- GOAL OF THE EXERCISE:
Retype each line of the material below word for word; pictures stay out.

─── STORED DATA ───

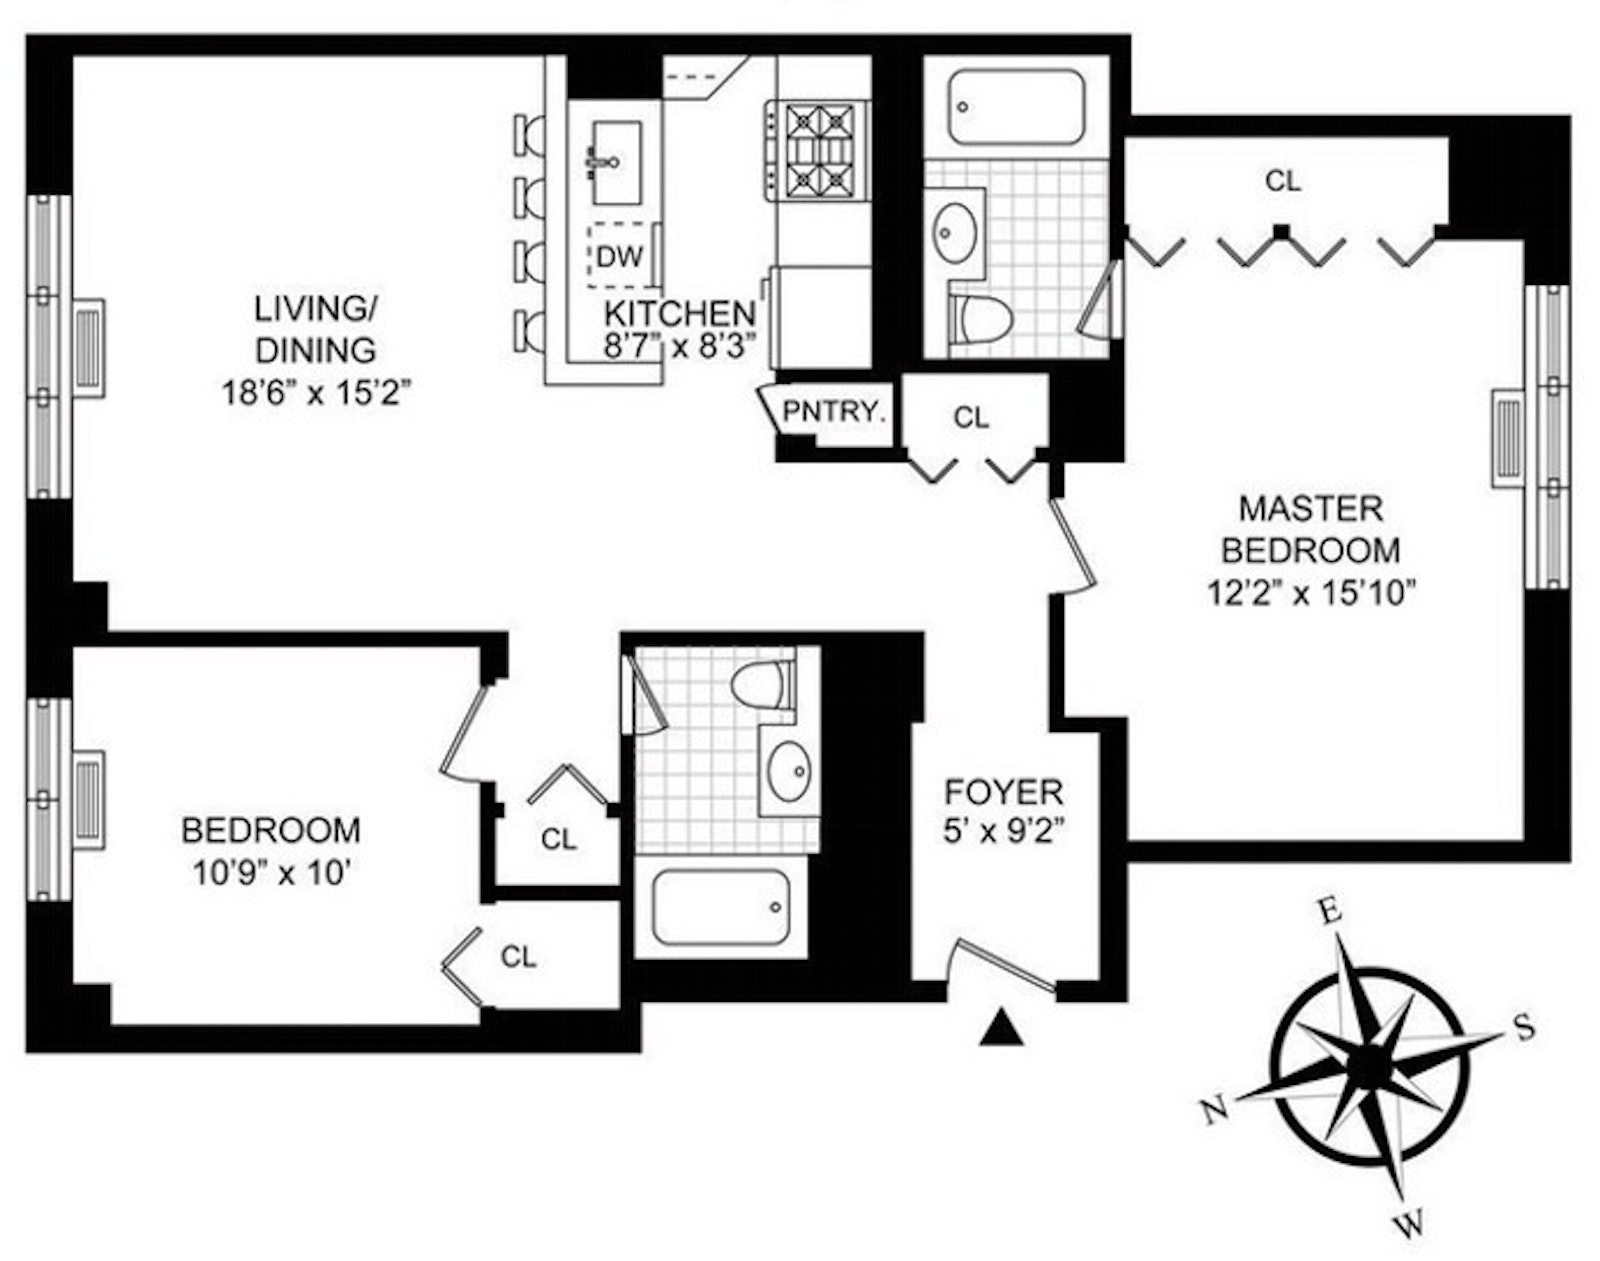 Floorplan for 53 Boerum Place
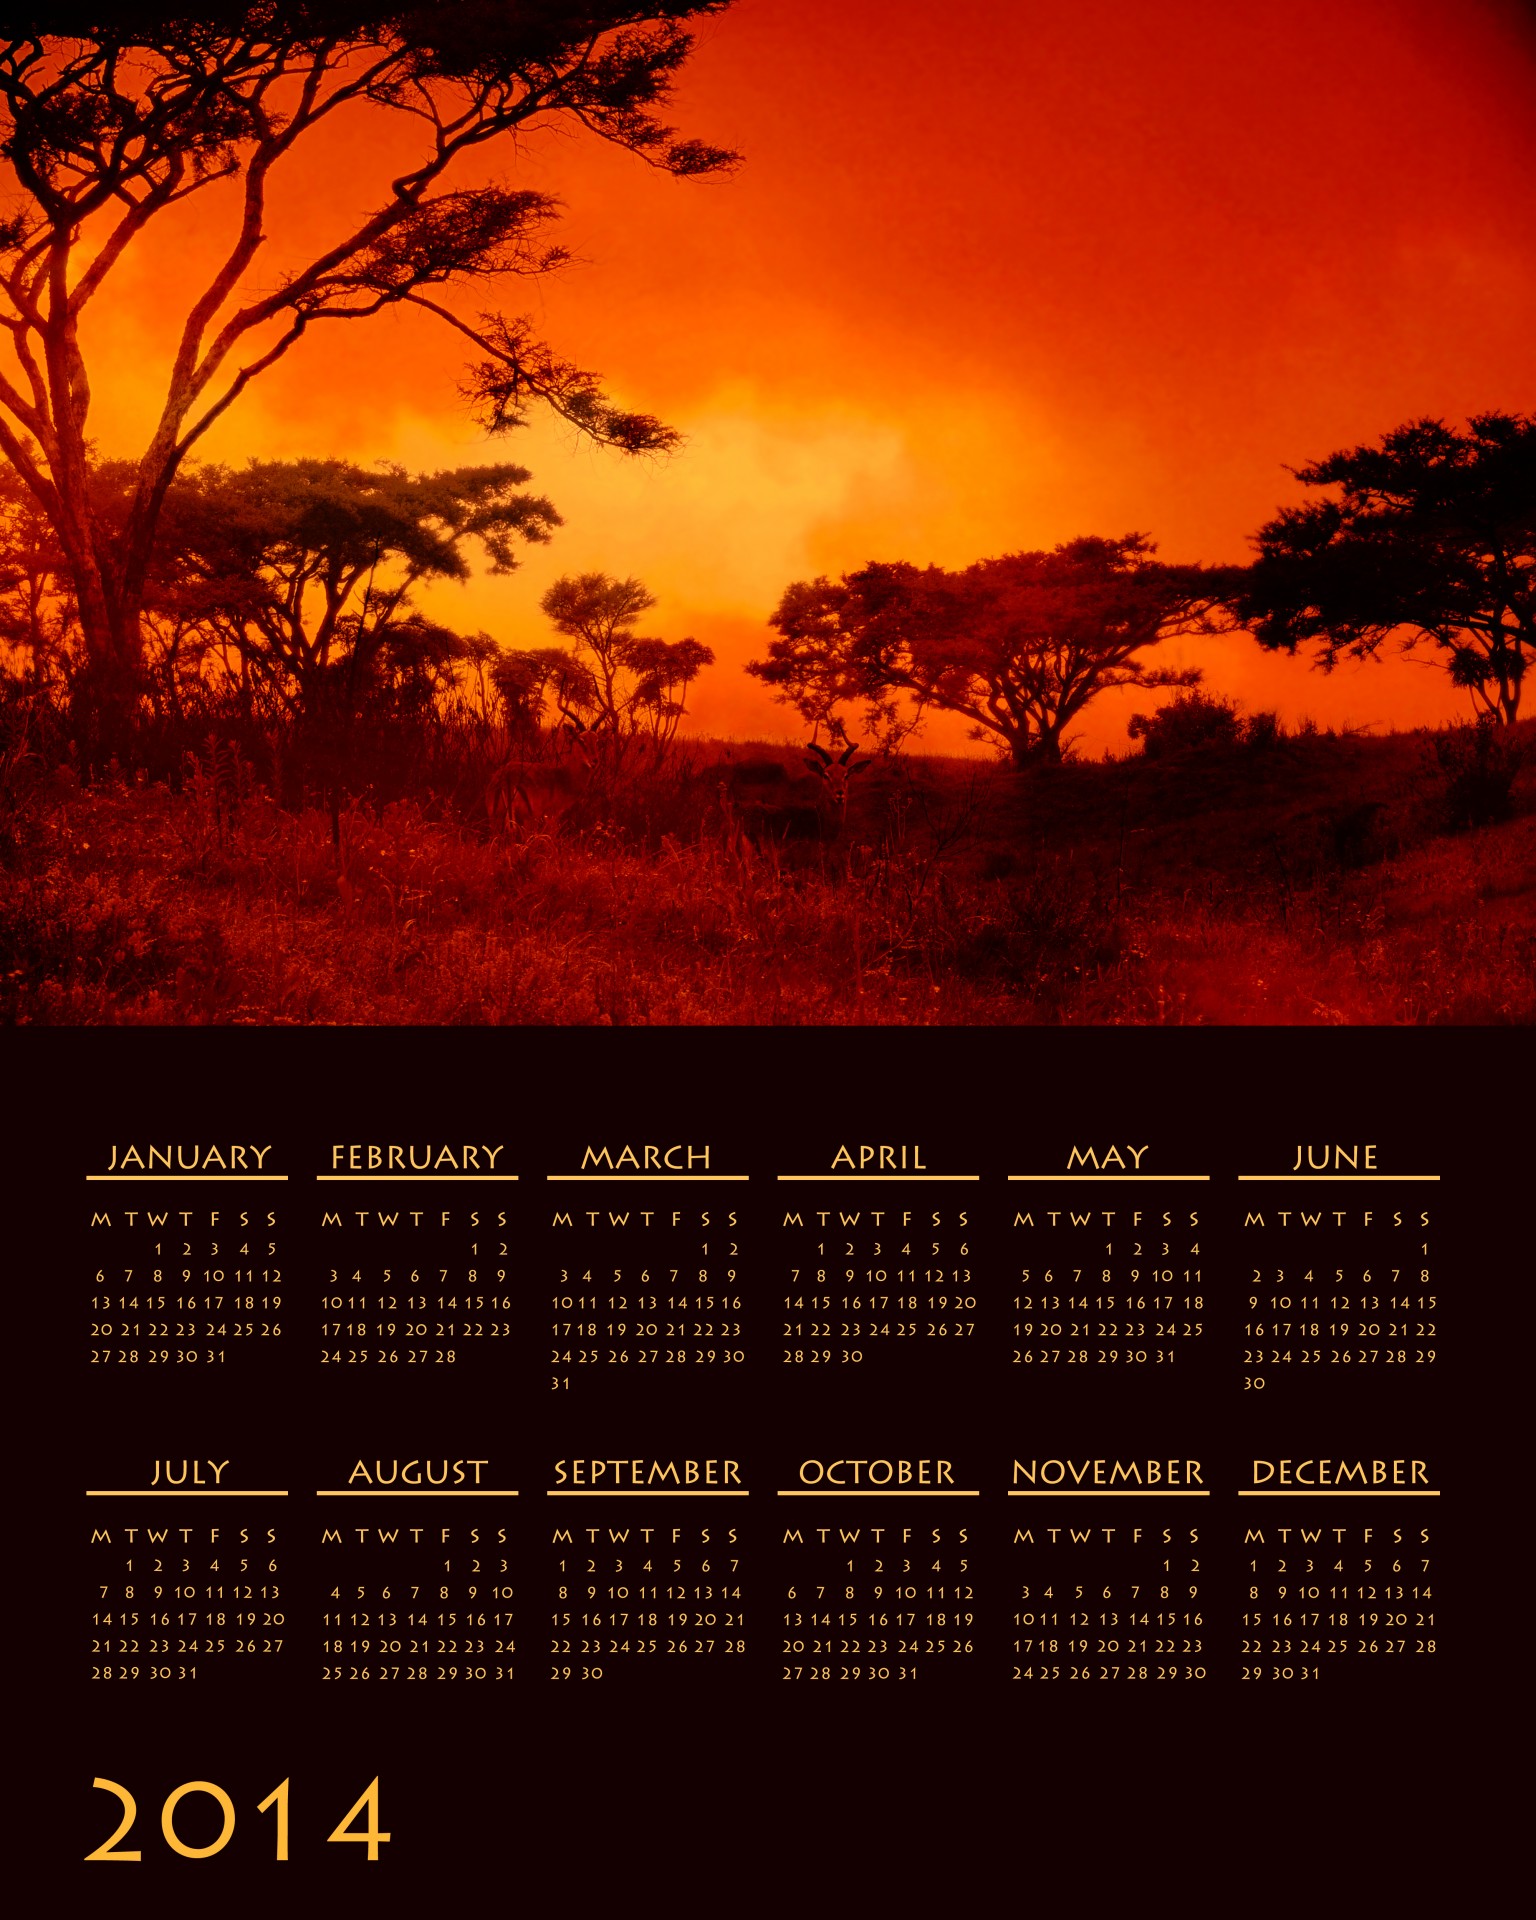 2014 calendar with black background
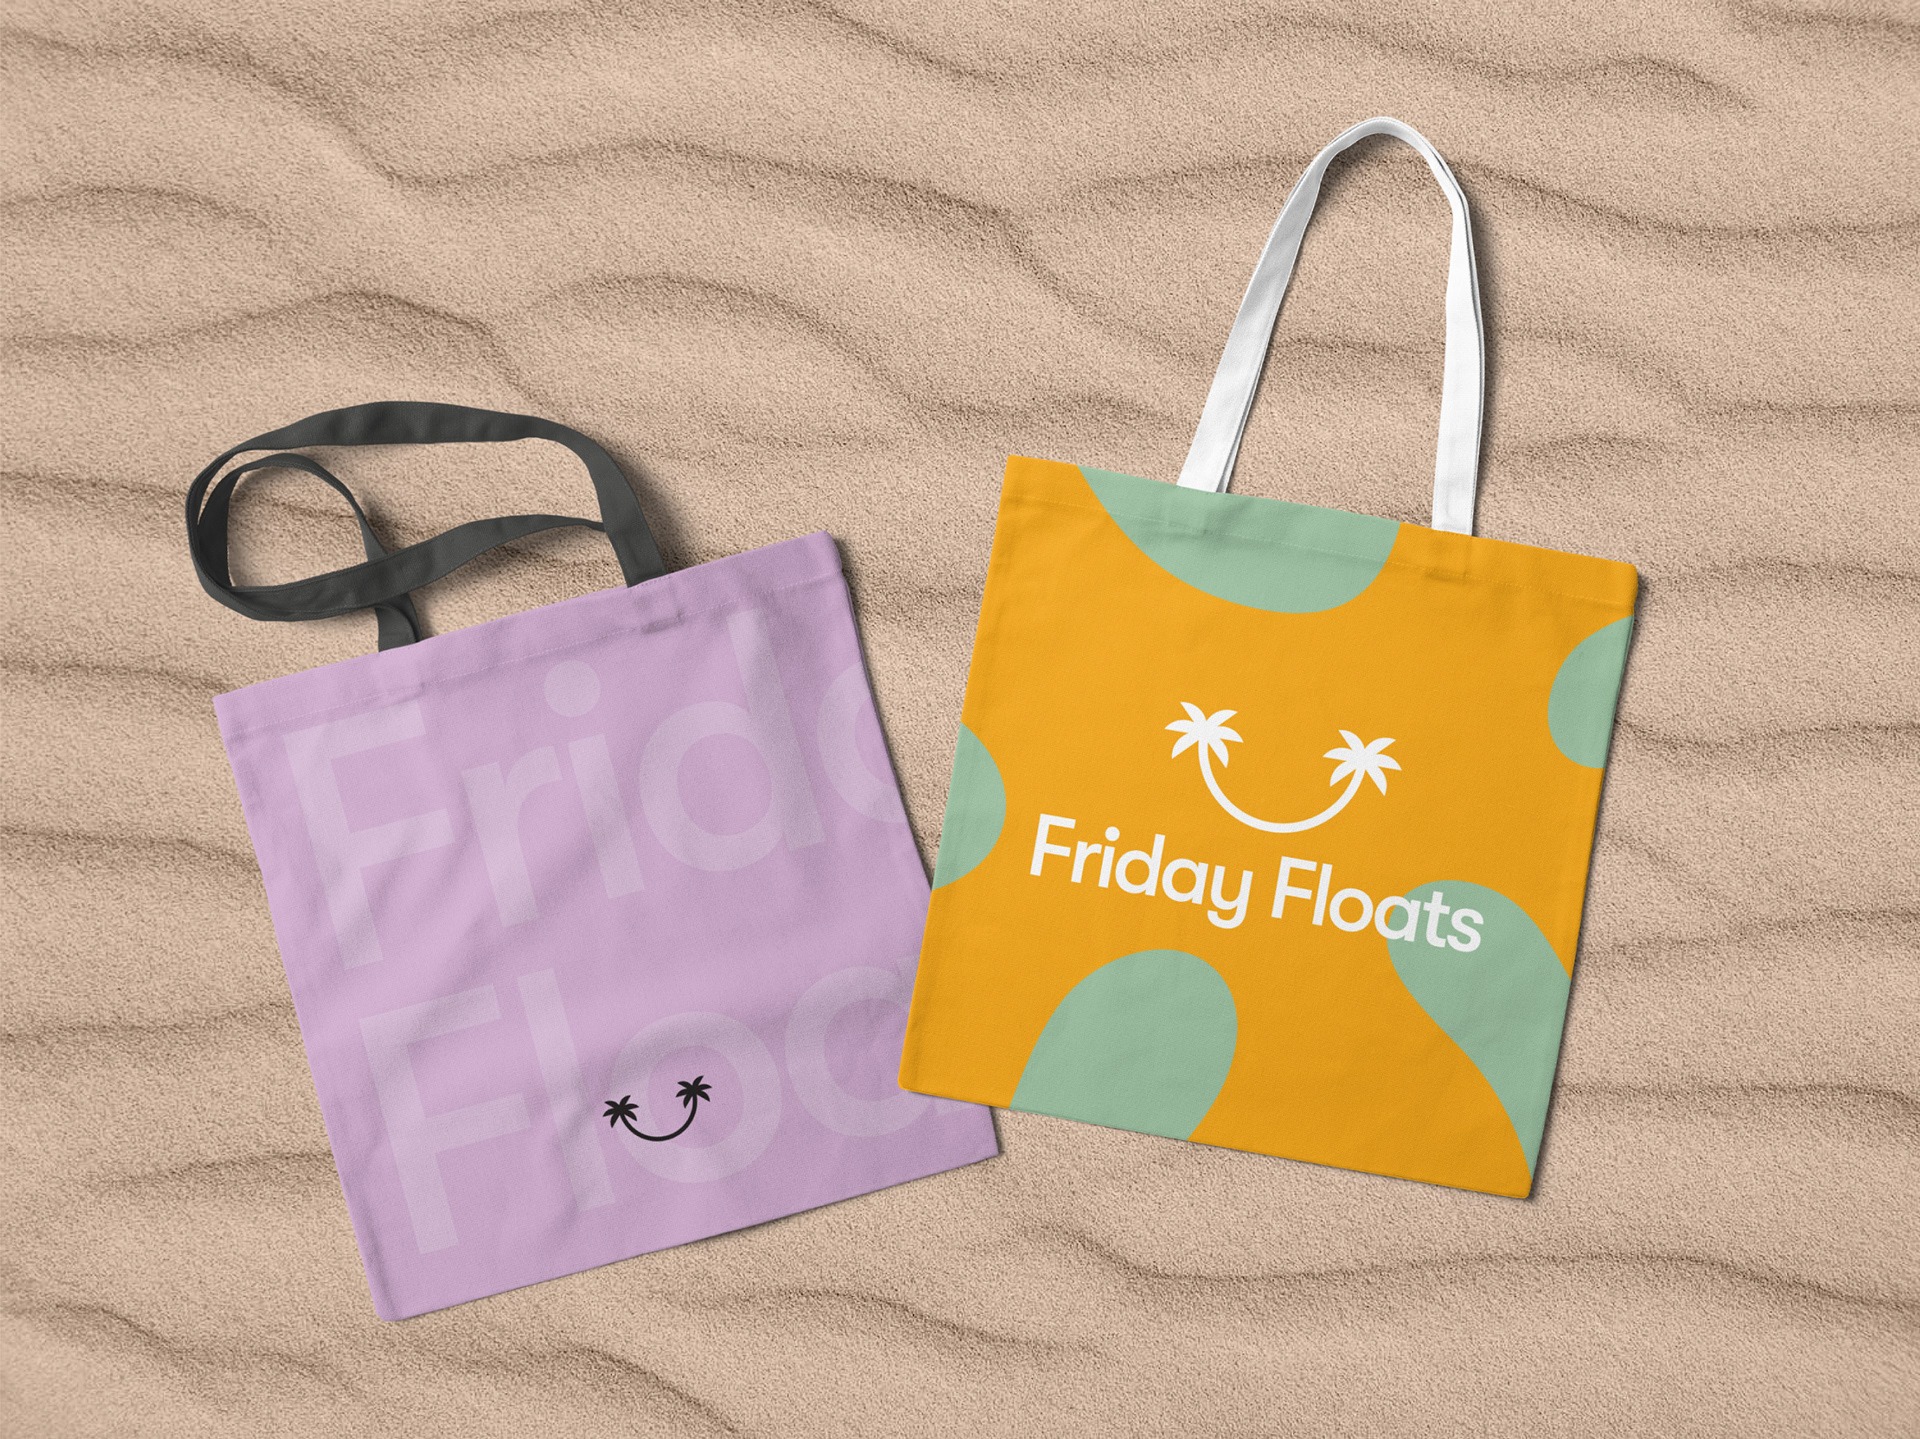 Friday Floats Brand Design

───

- EXERCISE RESULT:
 Floorplan for 53 Boerum Place
 2014 calendar with black background
 Friday Floats Brand Design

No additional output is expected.